犬と暮らす人

2011年1月まで、ラブラドール・レトリーバー「タイスケ」と暮らしていた、表はフリーのシステムエンジニア、裏はなんちゃってジャズギター弾きの日常。

「新選組!」は合格点

  • ドラマ

評判のよくない、大河ドラマ新選組!」だが、毎週観ている。裏を観る気になれないのと、三谷作品は、やはり追いかけざるをえないという思いがあるのが理由だ。学生の頃、芝居にはまり、当時最盛期だった第三舞台の大阪公演を追いかけ、自分でも、前衛っぽい芝居をやっていた身としては、三谷のウェルメイドな一連の作品は、気になる存在だった。「ショウマストゴーオン」「罠」「巌流島」「笑の大学」「君となら」「アパッチ砦の攻防」 どれもこれも水準以上の出来を誇る作品だ。
ところが、ドラマとなると、当たり外れが大きくなる。「古畑任三郎」「王様のレストラン」は成功。「竜馬におまかせ!」「総理と呼ばないで」は失敗。「合言葉は勇気」はビミョー。
で、「新選組!」だが、評判はよろしくない。坂本竜馬近藤勇が江戸で知り合いだったとか、滝本捨介(架空の人物)の粗相があったから、桂小五郎池田屋の難を逃れたとか、そういう枝葉のところに反応してクサす人がおおいようだが、オレは結構楽しんでいる。昨晩放送された「源さん、死す」の回を見ていて、ああ、そういえば、三谷さん、以前に、「『天下御免』のような時代劇がやりたかった」といってたなぁ、と思い至った。鳥羽・伏見の戦いを描いた今回のエピソードでは、極限の状態におかれた新選組の面々に、なにか、一種のトランス状態に陥ったような明るさが満ちている。永倉新八は、薩摩の旗印を分捕ってきたと自慢気に語るし、原田佐ノ助は銃で打ち抜かれた隊士の羽織の穴に指を突っ込んで笑っている。悪戯小僧のような彼らの行動を、鬼の副長、土方歳三は微笑ましく見ている。そうか、こういう群像劇を、三谷さんはやりたかったんだなー、新選組は、確かにうってつけの素材かもしれないなー、と思いながら見ていた。そして、源さん、井上源三郎の死。
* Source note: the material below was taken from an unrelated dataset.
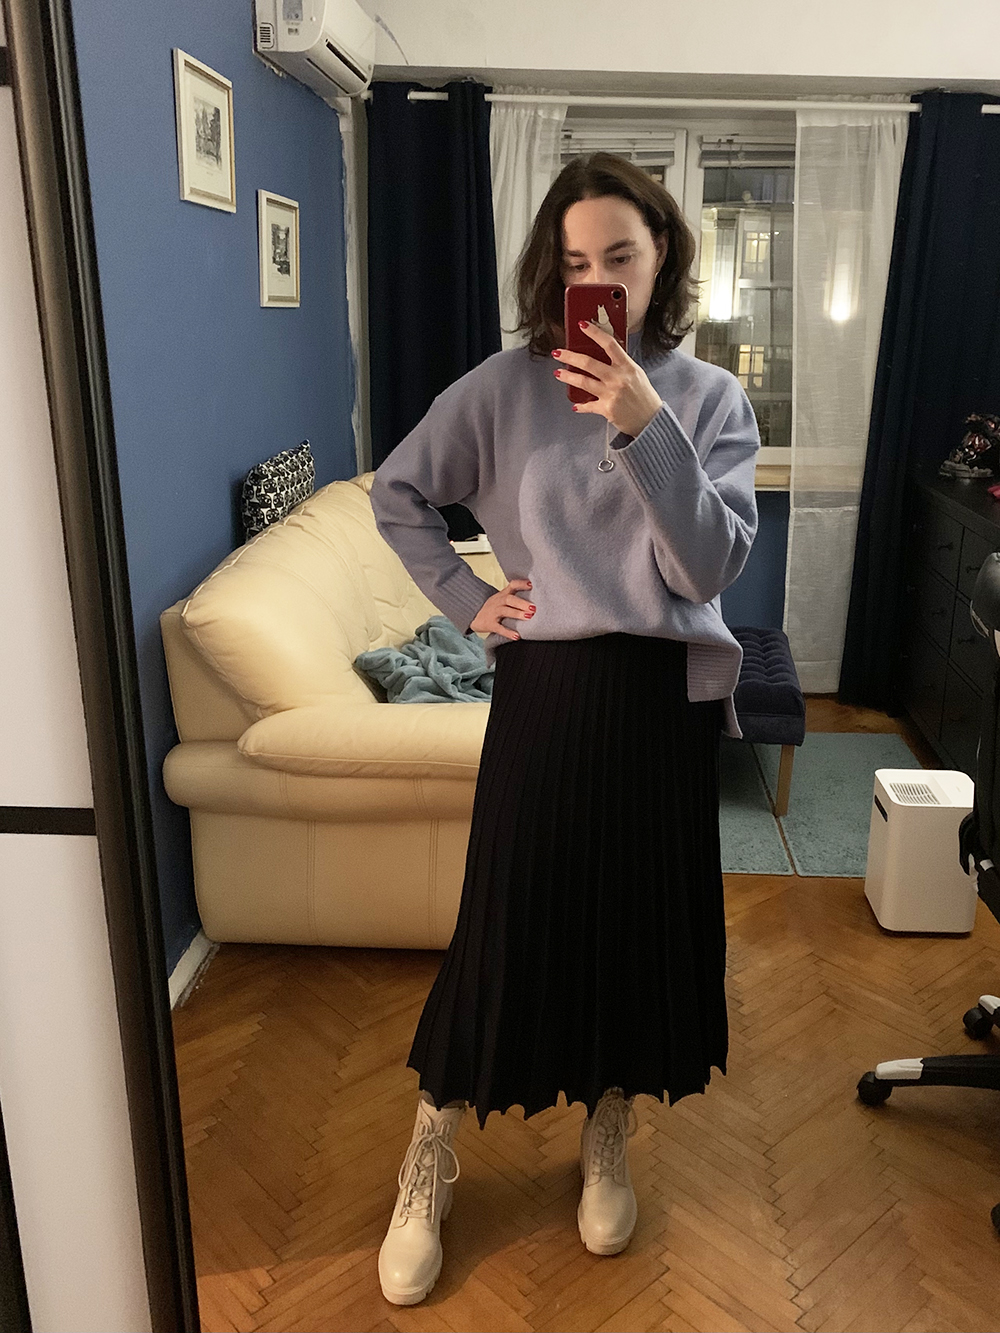 Давно купленная теплая юбка-миди по⁠-⁠новому заиграла в комплекте со свитером из Uniqlo и крутыми ботинками из «Эконики»

途中、マトリックスばりの、銃弾の軌跡の表現まであったりして、これぁやり過ぎ、と思ったが、源さんが撃たれてからは、「強く抱きしめろ! 魂が抜けないように!」と叫ぶ島田魁や、弾かれたように薩摩の軍勢に飛び掛り、見境なく無茶苦茶に切り倒していく斎藤一に、普通にジンときた。
最初から観てきたものの感想として、全体のシリーズ構成は、巧いと思う。前半、多摩での試衛館の面々の長閑で幸福な日常と、中盤、京に向かい、浪士組から新選組へと発展していく流れ、そして後半、様々な行き違いで次々に仲間を失っていく悲痛な展開。青春群像劇としての新選組という、三谷の思惑がくっきりと浮かび上がる。ここ数年の大河ドラマでは、視聴率的には苦戦かもしれないが、思いのほか良質の出来だと思う。ただ、香取クンの芝居は、一直線で、あんまり面白くないね。周りの芸達者(小林隆山本太郎山口智充ら)に支えてもらってるって感じだ。でも、いい経験になったんじゃないですか。ただ、「新選組」撮りながら、「ハットリくん」をやったのはいただけないなぁ。アイドルは、仕方ないんですかね。